Затем вволю напоили лошадей, и Александр, боясь, как бы не иссяк этот поистине чудодейственный источник, о существовании которого никто и не подозревал всего несколько часов назад, наполнил водой про запас желудок куагги.

— Ты предусмотрителен, — улыбаясь, сказал проводник. — Это хорошо! Ты великий вождь. Но будь спокоен — завтра утром здесь опять будет полно воды. Нам хватит на все время. А потом мы яму засыплем, чтобы животные но продавили дно. А теперь поедим.

Несколько ломтиков сушеного мяса и два жареных рябчика составили весь обед, и он был съеден с аппетитом, после чего все легли спать, устраиваясь поудобнее на теплом песке. Развели костер, ночь наступила очень быстро.

— Я не очень любопытен, — сказал Альбер негромким и неясным голосом, каким люди говорят засыпая, — но мне все же хотелось бы знать происхождение этого чудесного источника, который наш славный Зуга открыл столь непонятным образом. Местность, насколько видит глаз, была ровная, ни подъемов, ни впадин, так что тут и речи не может быть о подземных течениях, которыми питаются артезианские колодцы. Вода, просачивающаяся здесь сквозь песок, не достигает высокого уровня и не пробивается наружу. Наконец, и водоупорный слой не может распространяться слишком далеко. Тут какая-то загадка, и я никак не могу ее разгадать…

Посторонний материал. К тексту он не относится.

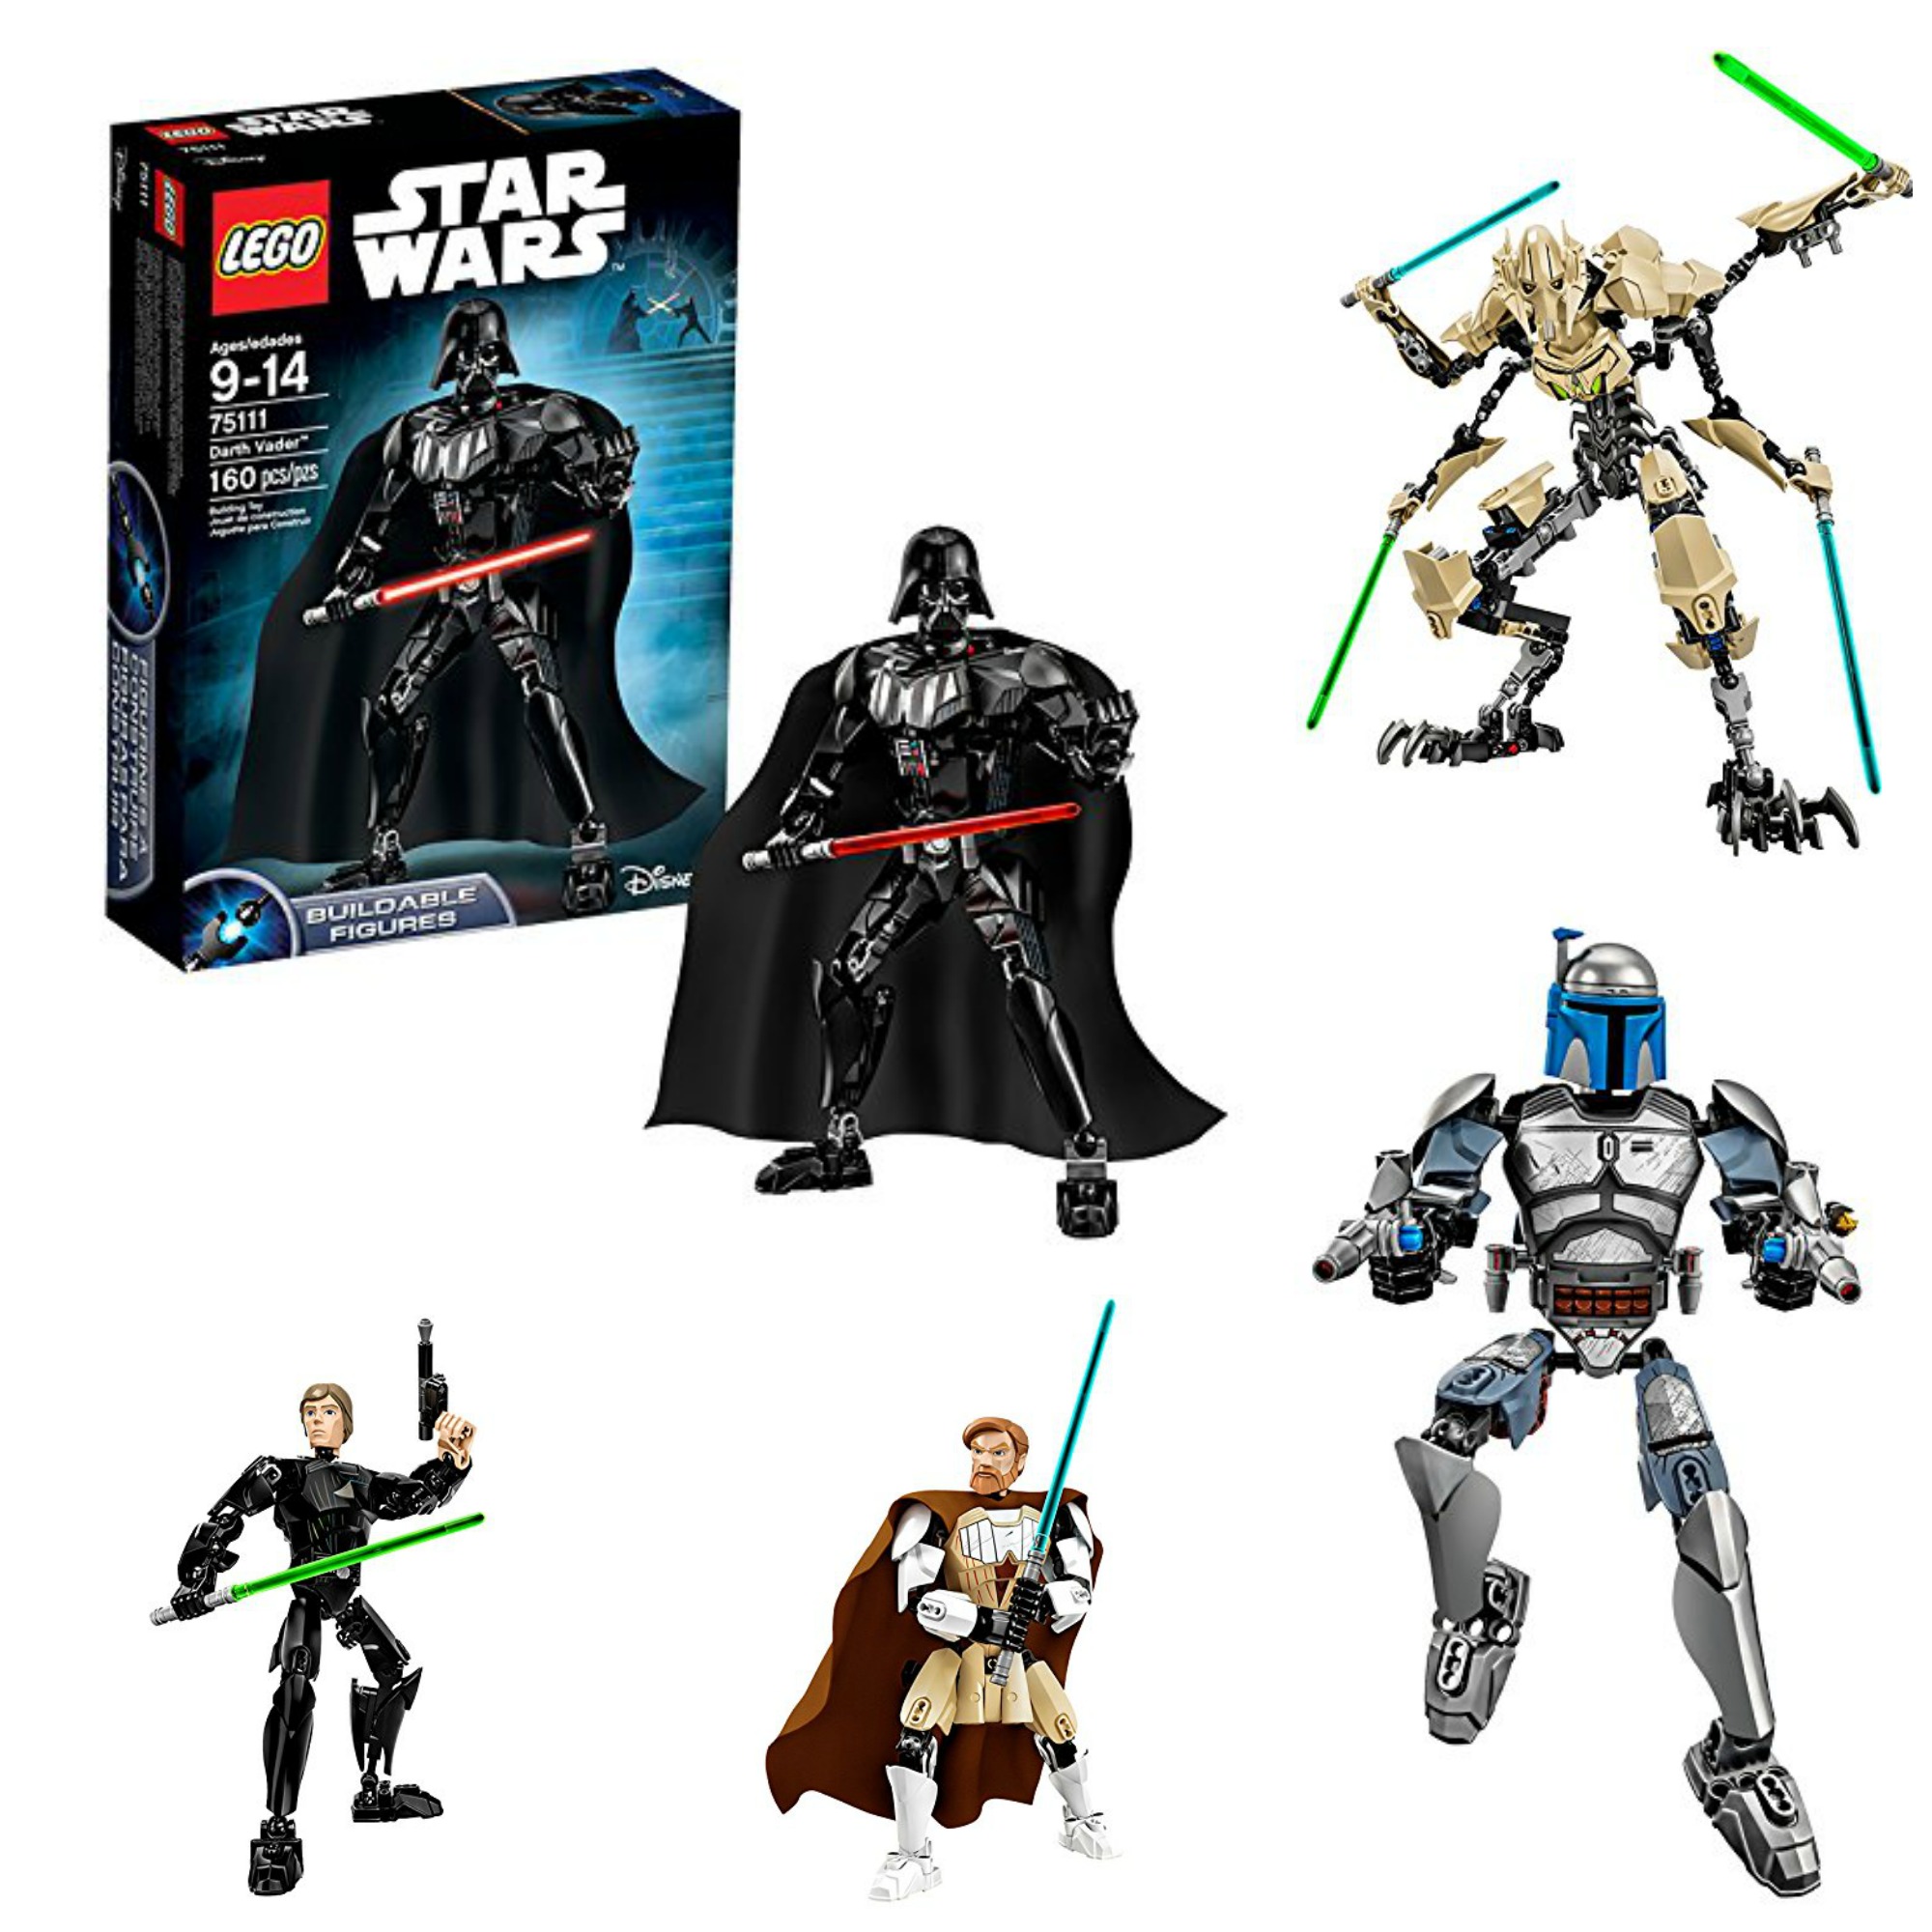 Ma wishlist de jouets Star Wars pour Noel 2015 #StarWars #Lego #Hasbro

— А вы не полагаете, — вмешался его преподобие своим трескучим голосом, напоминающим шуршание саранчи, — вы не полагаете, что вода идет из источника, который теряется в песках? По Калахари, должно быть, еще совсем недавно проходило много рек. Мы часто встречаем высохшие русла. Я бы скорей считал, что низшие, более глубокие слои земной коры не пропускают воду и этим мешают ей испариться. Допустите попросту, что на протяжении такого водонепроницаемого слоя, покрытого песком, есть изменения в уровне. Тогда в более низком месте вода проступит тотчас, едва будет, удален песок. Я просто высказываю вам свое предположение.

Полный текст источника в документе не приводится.